Log back in after a vacation, and everything's still there.
A window with "maybe" resizable panels and a menu, and that's it.
The Web used to be the "documents."
For a technology that's been built for documents, all the navigation, footer, and header of any modern app feel like a "hack" compared to elegance of what desktop used to be.
In an old-fashioned desktop application, anything that gets "synchronized" is by choice, and rather feels like magic.
In a web app, even the UI is not a given.
We are forced to stay logged to an "Massively Online Revenue Platform Generation" games, and it keeps getting disconnected, and is laggy.
So "Let's replace the Cloud with self-hosted alternatives," right? -- Good luck with added effort and complexity of config, maintenance, network, db, bugs, updates, and the pain of "admin accounts" in first setup.
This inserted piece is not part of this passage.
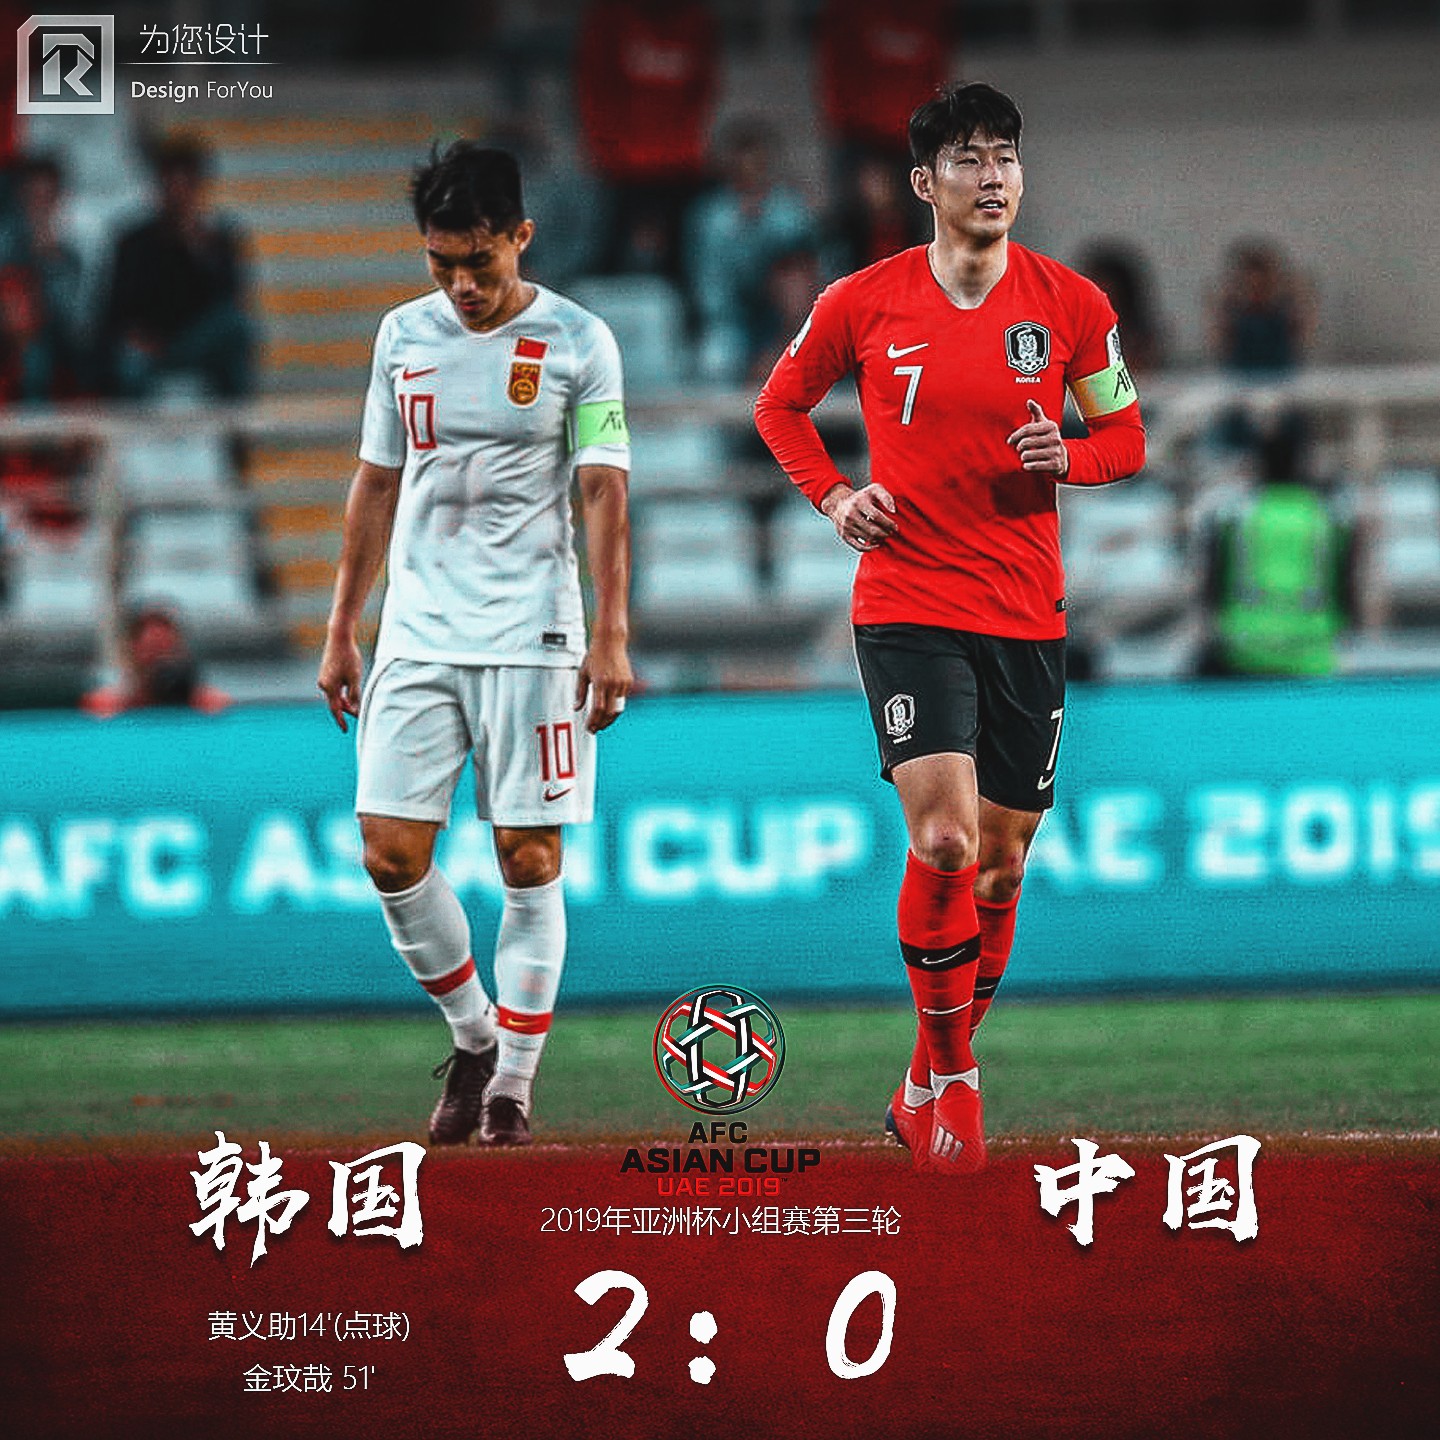 中国足球 | 中国队亚洲杯海报合集

We used to have the client and server functionality baked together in any major desktop software that used to connect to FTP, IRC, P2P, Mail, and to each other.
Today it's accounts... Accounts. It's accounts all the way "up."
We used to own the data, and the software.
Now it's full-scale surveillance and dispossession.
How many mainstream online platform users care about the difference in KB in their experience, anyway?
The sites in the list are hobbyist clubs with a technical point of view, which wouldn’t make sense for a mass media outlet with millions of daily traffic, and real interdepartmental complexity and compliance issues to deal with.